“什、什麽問題?”試了好幾次,都無法從程舞衣的手中,把木梳拿過來,江南燕隻好放棄了,乖乖地坐在那裏讓程舞衣擺布。
“就你跟皇兒到底有沒有那個啊!”程舞衣說着,突然停下手中的動作,靠到江南燕的耳邊,神秘兮兮地問,“怎麽樣?你們回來的這一個月,皇兒有沒有對你毛手毛腳的?”

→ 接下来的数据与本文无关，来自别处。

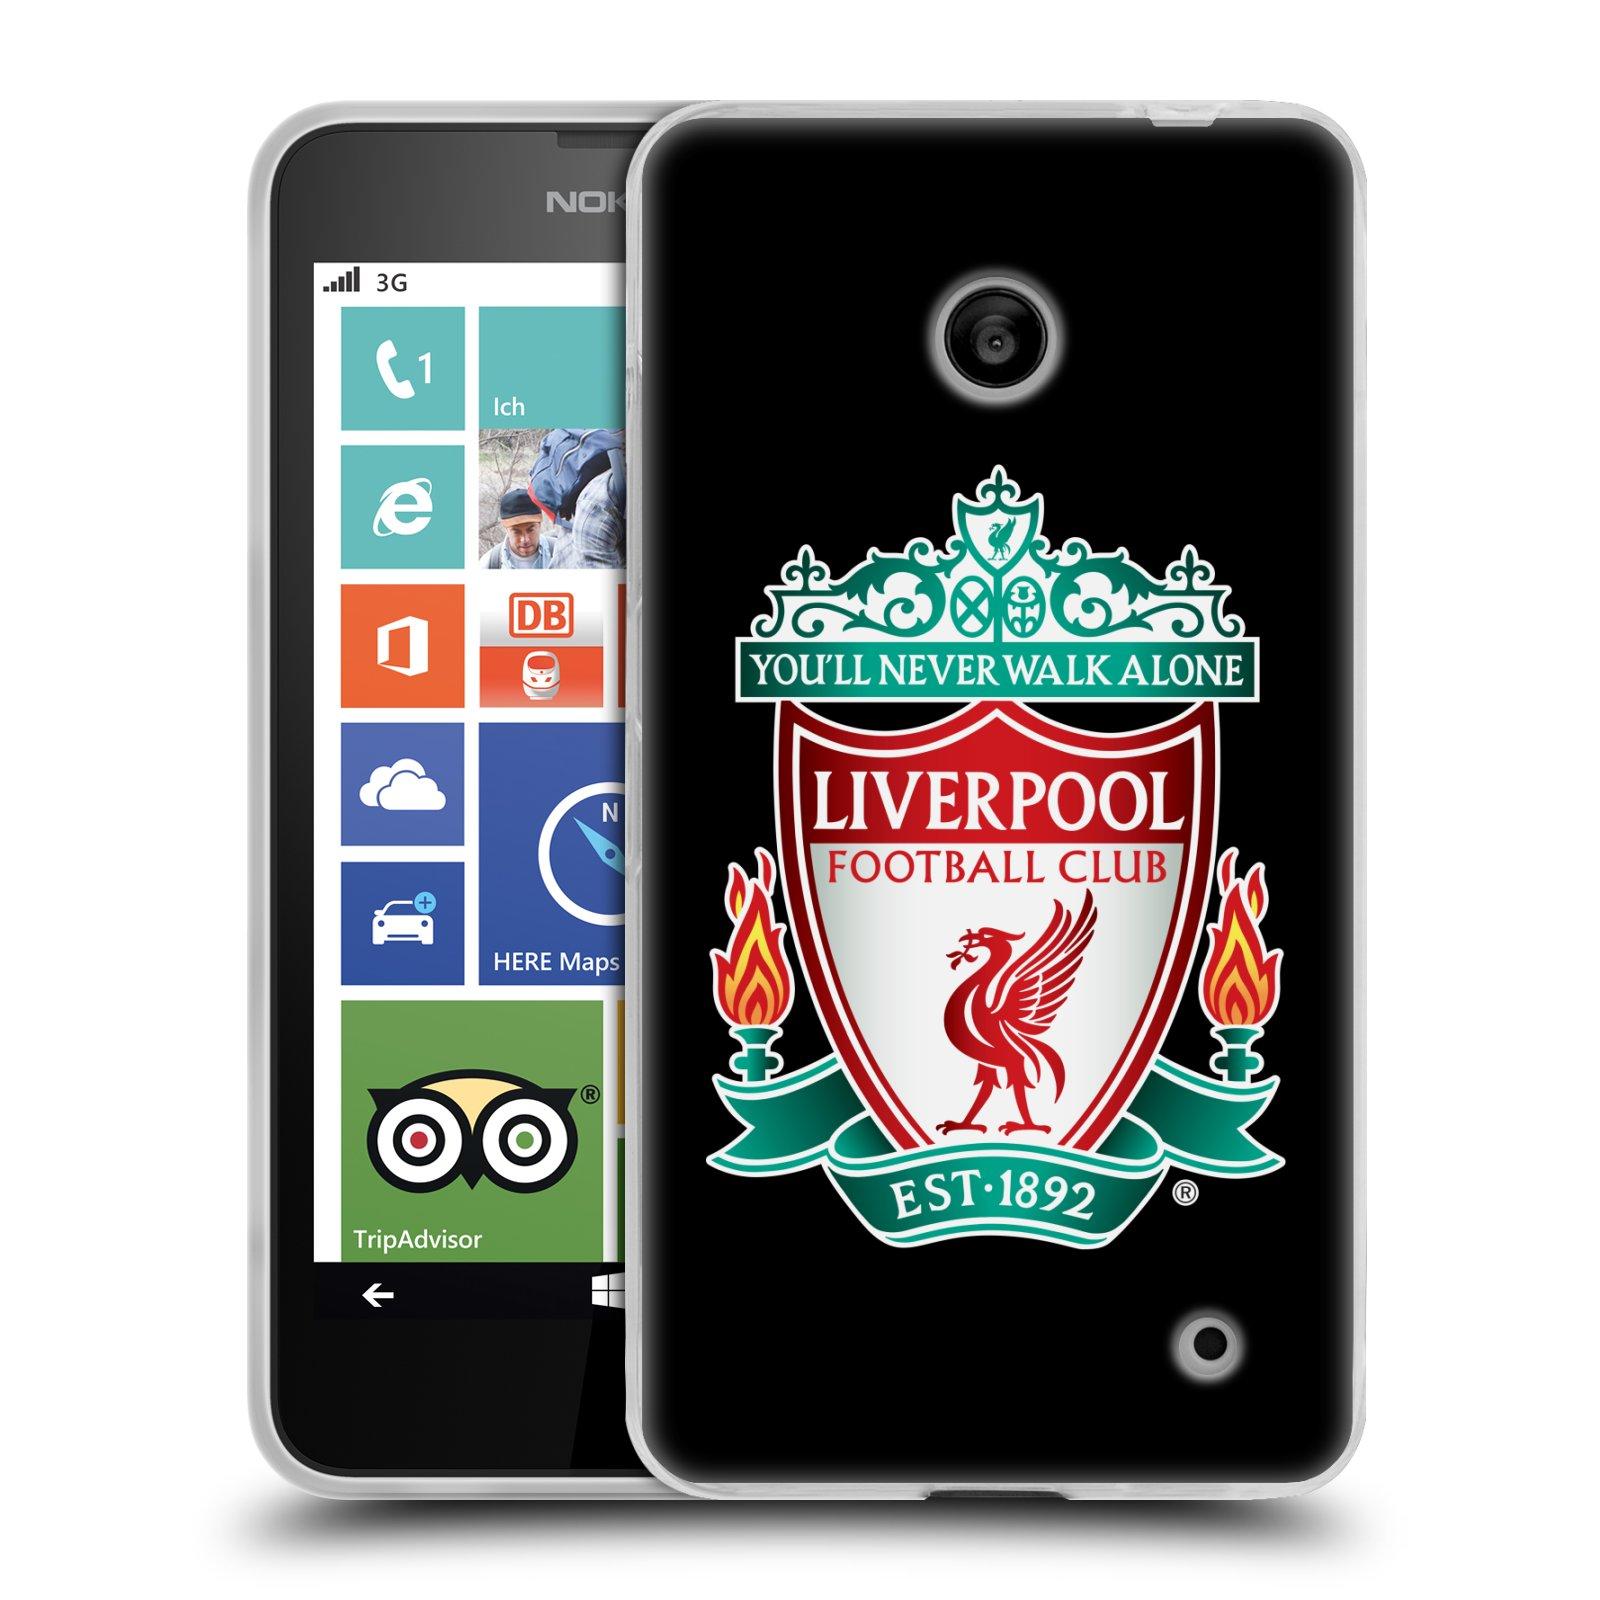 Silikonové pouzdro na mobil Nokia Lumia 630 HEAD CASE ZNAK LIVERPOOL FC OFFICIAL BLACK (Silikonový kryt či obal na mobilní telefon Liverpool FC Official pro Nokia Lumia 630 a Nokia Lumia 630 Dual SIM)

從來沒有被人問過這麽直接的問題,江南燕羞得整張臉都紅了,根本不知道要回答什麽好。
這一路上,皇甫蓮對她毛手毛腳的地方可多了。
要不是次次都有人打擾,他們恐怕早就已經……[
想到那些火辣的接觸,江南燕的臉紅得仿佛要燒起來似的,一陣陣地燙。
程舞衣看到她這個樣子,立刻開心地笑了,“肯定有對不對!皇兒肯定對你上下其手了對吧?怎麽樣,他有沒有把你壓在床上,這樣又那樣?有沒有?有沒有?”
程舞衣越說越興奮,最後幹脆停下手中的動作,直接坐下來,期待地看着江南燕,等候她的回答。
這種讓得羞得恨不得把自己藏起來,不要出來見人的問題,江南燕怎麽可能回答得上來。